Things that go BANG! The Science of Fireworks


fireworks

A significant number of chemists and chemistry students are not in it for the money …. but in it for the explosions (and I am no exception). A secret hankering to be a fireworks engineer bubbles to the surface (or should that be ‘explodes into the atmosphere’?) every November 5th. Well, it’s time for some serious scientific explanation on how those beautiful fireworks make their display.

We will take a classic firework rocket as an example, which propels itself into the air then explodes in a shower of coloured sparks.

Rocket propulsion is achieved by the rapid expulsion of gases out of the base of the rocket.  A fuel which burns quickly and produces large amounts of gas will, according to Newton’s third law, give the firework lift off.  The force with which the gases are ejected downwards will produce an equal and opposite force upwards.  This is Newton’s third law (sometimes stated as ‘every action has an equal and opposite reaction’). As long as this force is greater than the overall weight of the firework, the firework will accelerate upwards. The body of the rocket where the gunpowder burns must be strong enough to withstand the force of the gases being produced; the only outlet for the gases is in the base.

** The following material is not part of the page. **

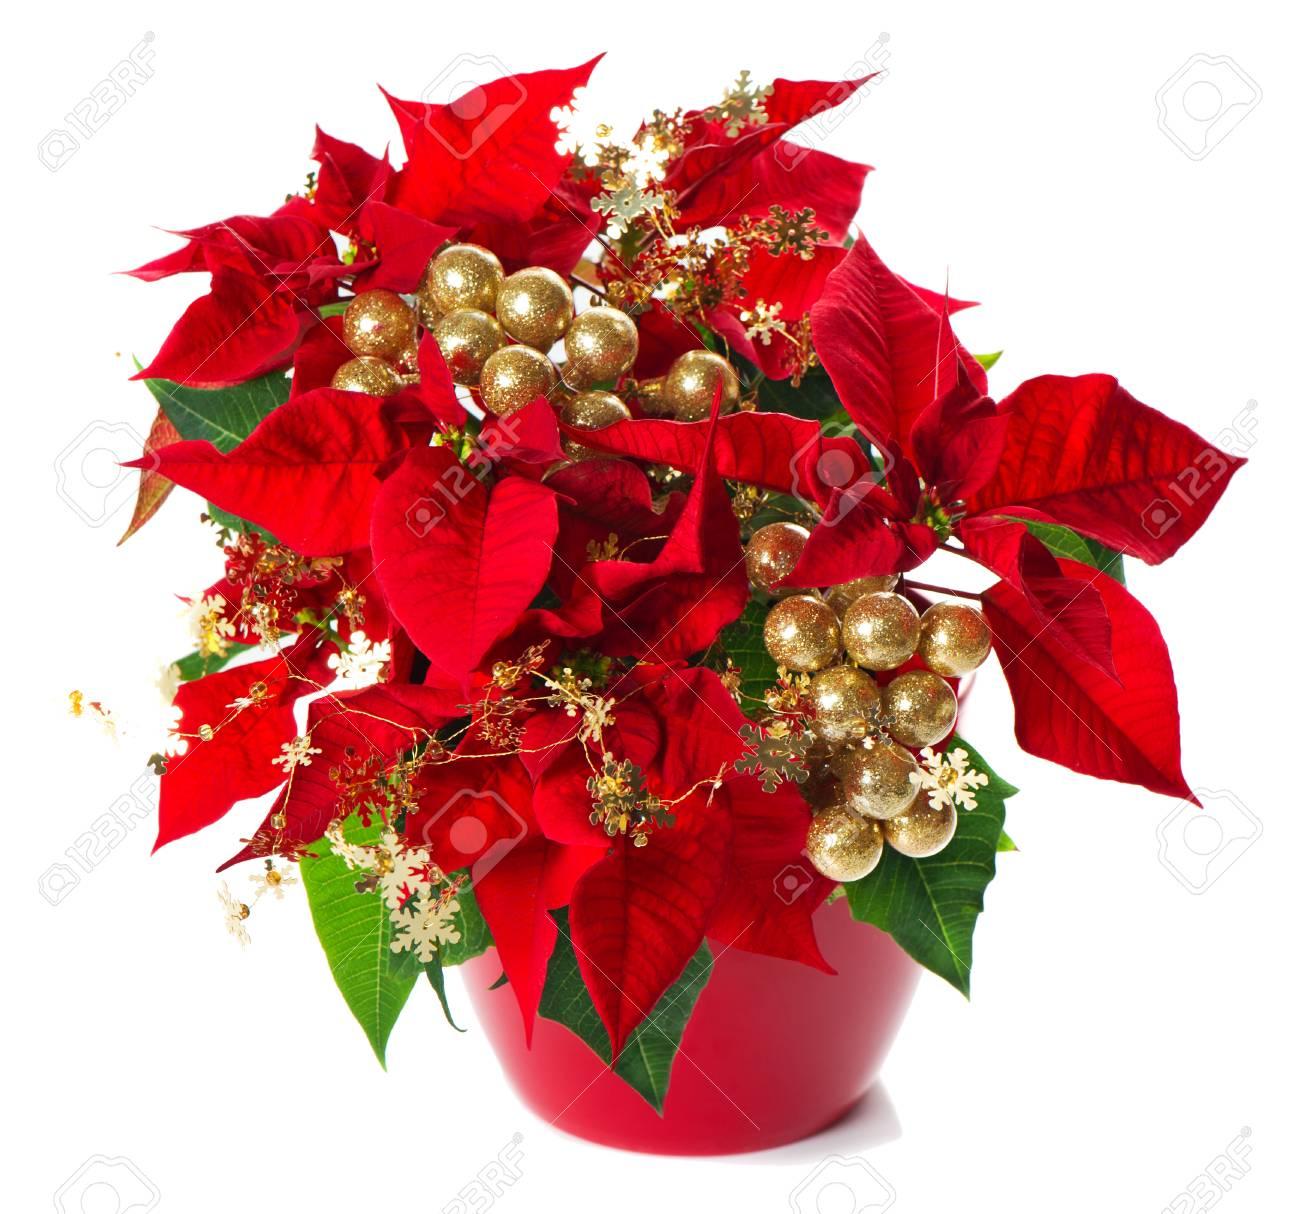 Immagini Di Fiori Di Natale.Poinsettia Rosso Fiore Di Natale Con Decorazioni D Oro Su Sfondo Bianco

The rocket’s body is also designed for stability in flight so it (hopefully) goes straight upwards.

The fuel commonly used to power rockets and be ignited by the fuse is gunpowder. It is a mixture of sulfur, charcoal (or carbon) and potassium nitrate, KNO3. The oxygen in the potassium nitrate means that gunpowder isn’t dependent on atmospheric oxygen to burn.

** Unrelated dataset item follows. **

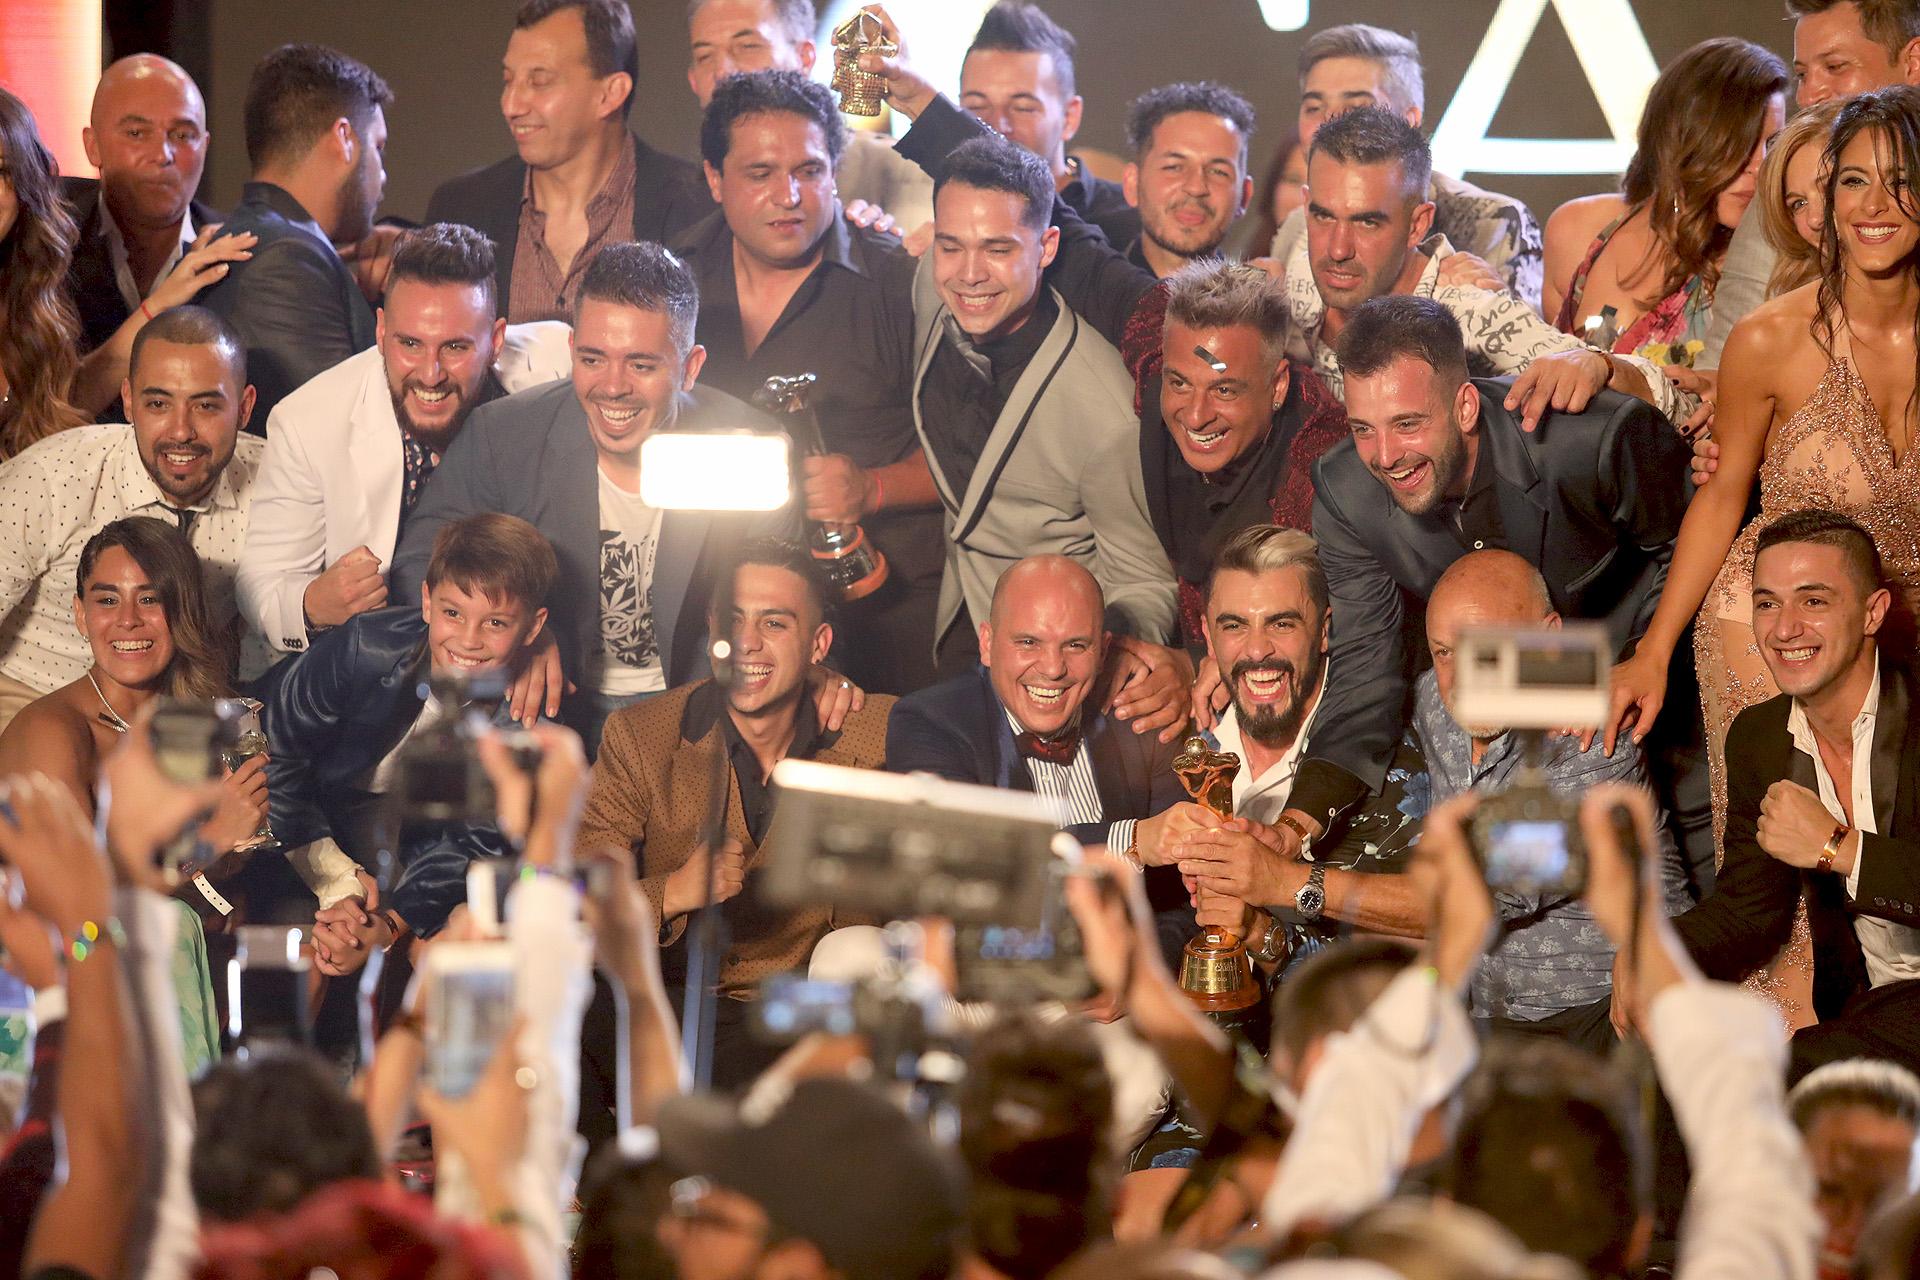 La felicidad de Bien Argentino, tras recibir el Oro (Fotos: Mario Sar / Teleshow)

A simplified equation for the reaction of gunpowder is:

2KNO3(s)  +  S(s)  +  3 C(s) →  K2S(s)  +  N2(g)  +  3 CO2(g)

The rapid production of 4 moles of gas for every 2 moles of potassium nitrate gives the ejection force necessary.

Once the rocket is airborne and the fuel is almost burnt, an internal fuse lights a second chamber within the rocket. The walls of this chamber are weak enough to break when the gunpowder (or other explosive mixture) explodes, scattering small burning pyrotechnic stars into the sky.

Pyrotechnic stars have a coating which burns easily, such as carbon, and a chemical mixture in the middle which gives a coloured flame or sparks when heated. Different elements in the chemical mixture of the star will give different colours when heated; the metal ion (cation) determines the colour.

Element/Compound Colour
Aluminium or magnesium White sparks
Strontium or lithium carbonate Red flame
Calcium chloride Orange flame
Sodium nitrate Intense yellow flame
Barium chloride Pale green flame
Copper chloride (low temperatures) Blue flame
Potassium nitrate Lilac flame

 

Be safe this November 5th and see how many elements you can spot.